Александр Ширвиндт Страсть и нежность

Александр Ширвиндт

Страсть и нежность

Народный-пренародный артист, лауреат-перелауреат многих премий, орденоносец, художественный руководитель Театра Сатиры и сам большой сатирик, Александр Ширвиндт – совсем не такой, каким кажется.

Скатертный переулок

– Помнишь такой стишок: «из чего только сделаны мальчики»?.. Из чего сделан Шура Ширвиндт? И из чего – Александр Анатольевич Ширвиндт?

– Понимаешь, ужас в том, что с тех пор, как возник вот этот Шурик, не из ребра Адама, а из ребер своих родителей, ничего не изменилось. Какой-то инфантилизм, какая-то сентиментальная детскость, которая мешает жить, руководить, творить. Я всячески ее прячу, дико ее стесняюсь, но если говорить тебе искренне, как старинной подруге, это мой крест.

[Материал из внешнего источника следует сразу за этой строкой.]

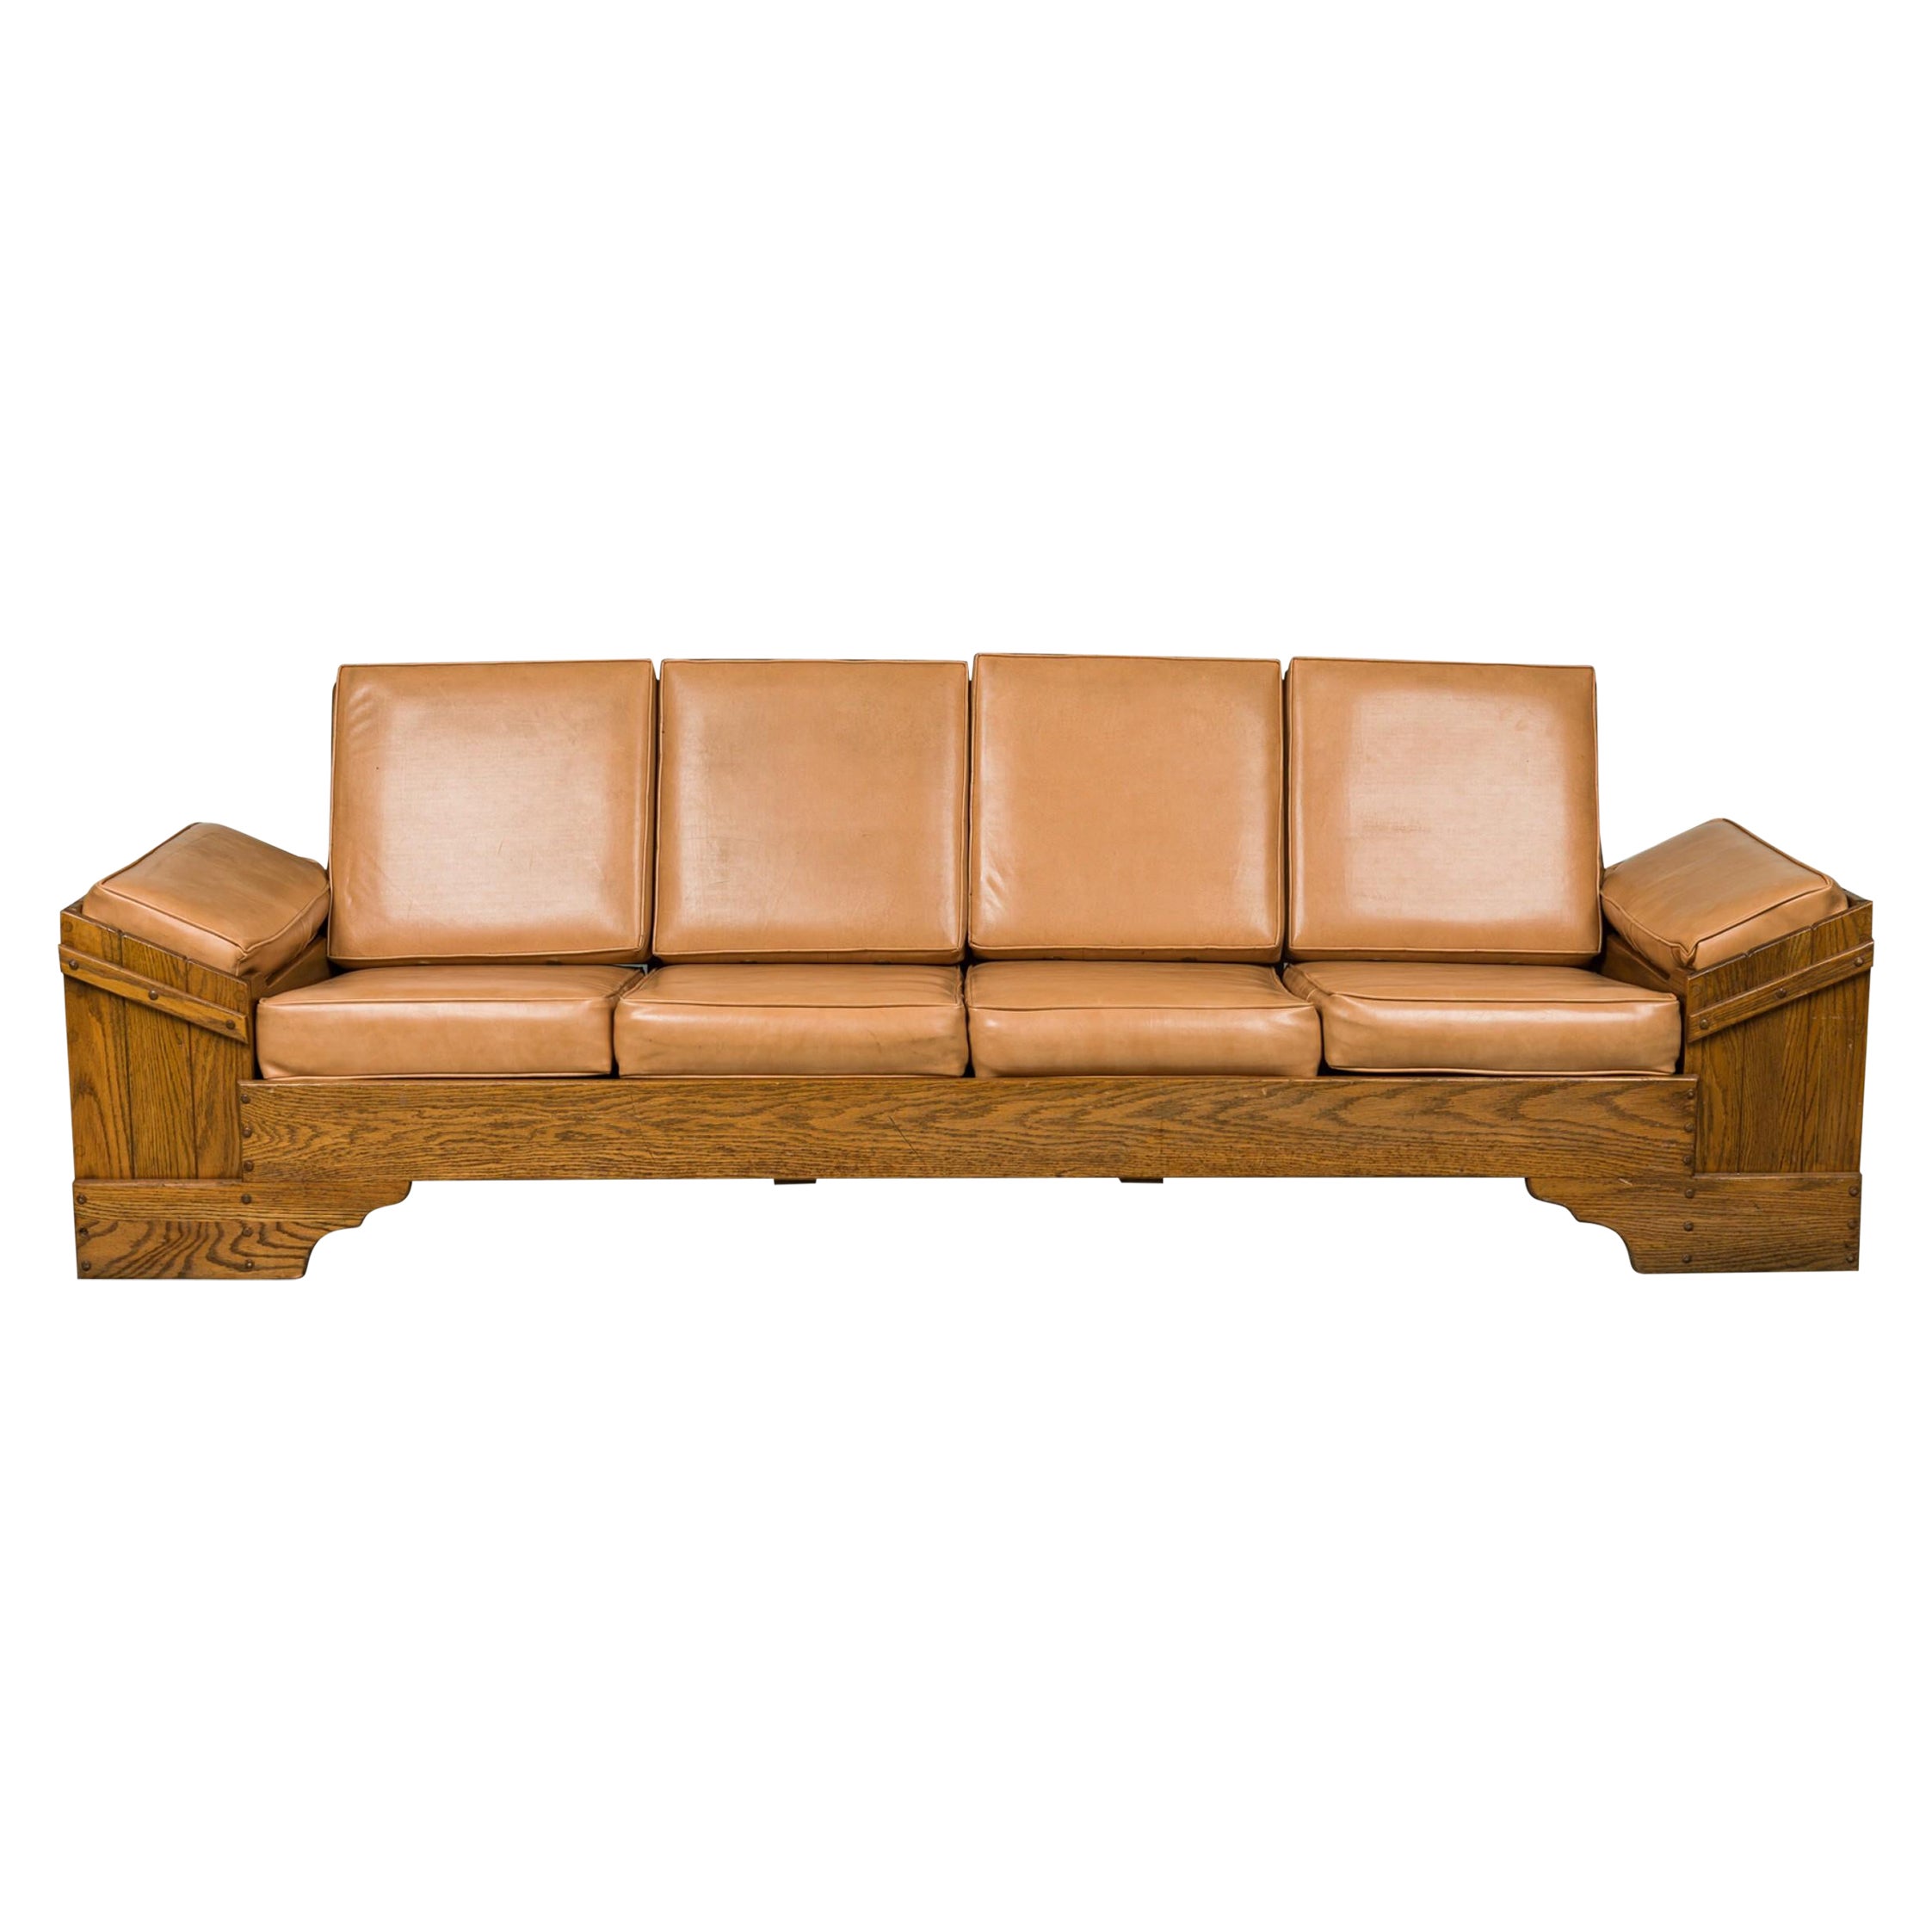 Rustic Old Hickory Wood and Tan Leather Settee

– А может, не только крест, но и счастье? Представь, что в тебе этого не было бы, сколько бы обаяния ты потерял и сколько интереса к жизни!

– Понимаешь, детское обаяние чревато тем, что могут сказать, что человек впал в детство. Это тоже опасно.

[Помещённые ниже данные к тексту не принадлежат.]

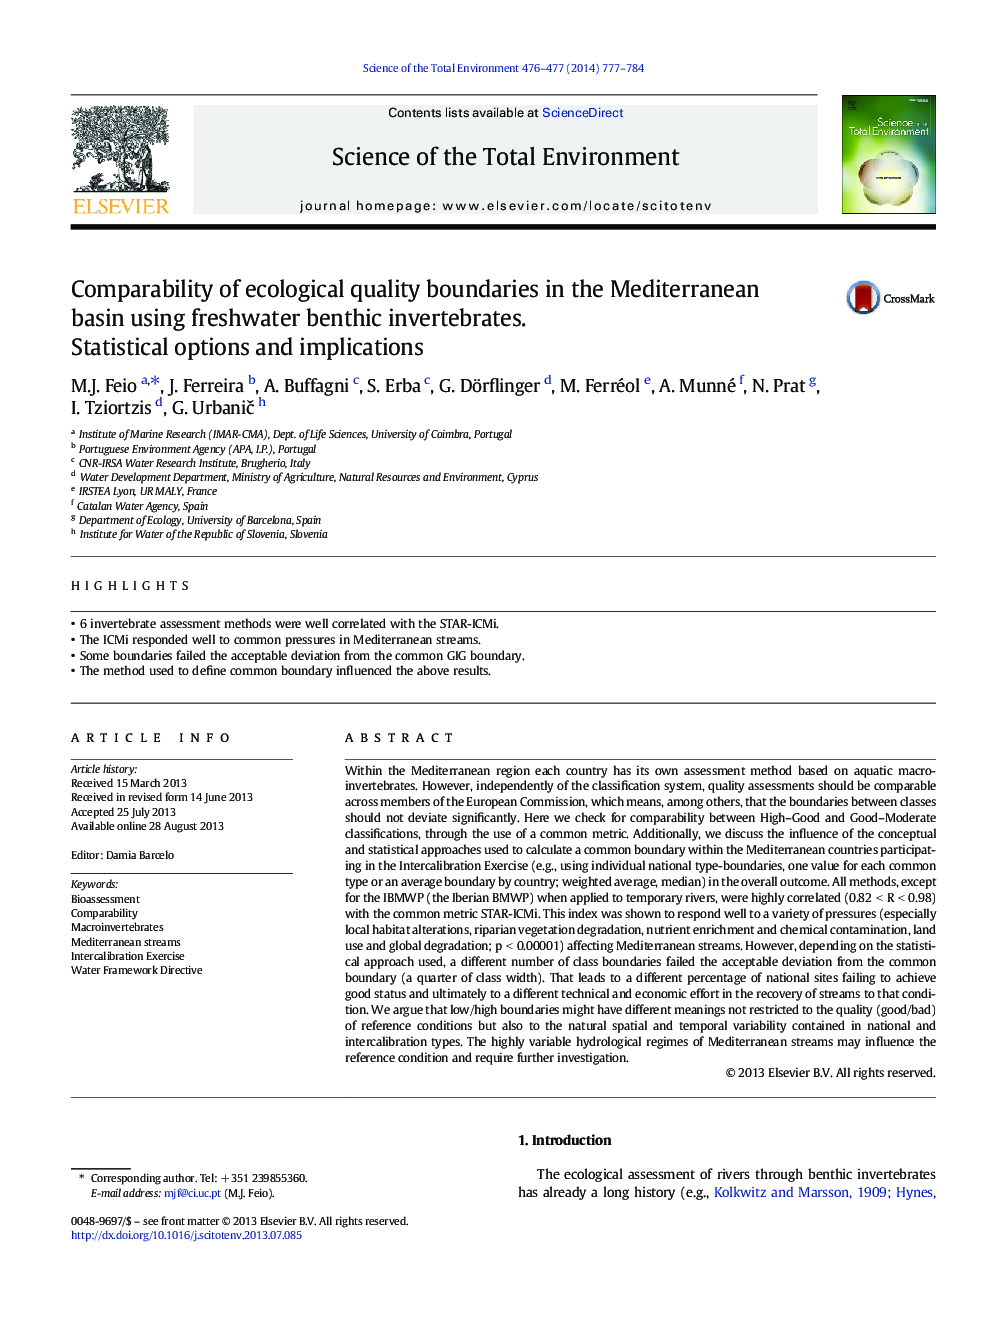 Comparability of ecological quality boundaries in the Mediterranean basin using freshwater benthic invertebrates. Statistical options and implications

– Ты жил в Скатертном переулке и учился в замечательной 110-й школе…

– Элитной, как сказали бы теперь. Со мной лично в классе учился, например, Сережа Хрущев, сын Никиты Сергеевича, ныне американский подданный. Там учился Рождественский Гена, будущий великий дирижер. Я был пионервожатым у Сережи Буденного… Никитские ворота и Арбат – эпицентр старой Москвы…

– Это я и хочу спросить: что значит родиться в центре Москвы? Родись ты на окраине, наверное, ты стал бы каким-то другим…

– Я потерял бы детскость сразу… Местечковый патриотизм существовал всегда. И начинался со двора. В каждом дворе была своя команда, свои бандиты, по тем временам милые, наивные. Поножовщины особой не было. Я был интеллигентский мальчик с варежками на веревочках. Но я был свой интеллигентик, поэтому шпана меня опекала. Сейчас ни в один двор ни войти, ни пройти, а тогда был лабиринт проходных дворов, один двор впадал в другой через арки, через пустыри. Никитские ворота, Скатертный переулок, Столовый, Ножовый, Хлебный – все, слава богу, не переименовано. Но Собачью площадку разрубили «вставной челюстью» – Калининским проспектом. Я до сих пор, с этой своей детскостью, когда надо слова выучить в силу профессии, а дома собаки, звонки, «Комсомольская правда», подруги типа тебя, там не выучишь. Но когда я еду в театр, я заезжаю в Скатертный со стороны Мерзляковского, там останавливаюсь…

– И идешь учить роль?..

– Сижу. Идти некуда. Все закрыто шлагбаумами. В моем родном подъезде в доме 5А охрана, домофоны, ковер на лестнице. А я сколько лет мечтаю подняться к себе на четвертый этаж… Там была огромная квартира, в которой жило шесть семей. У нас были две комнаты, мы были абсолютные олигархи. У остальных по одной. Настоящая коммуна. Это была родина. Когда говорят «родина», «патриотизм», «березки» – нет, родина – это Скатертный.

Маска

– Ты всегда был популярен и красив. И сейчас популярен и красив. Как ты этим пользовался? Только отвечай честно.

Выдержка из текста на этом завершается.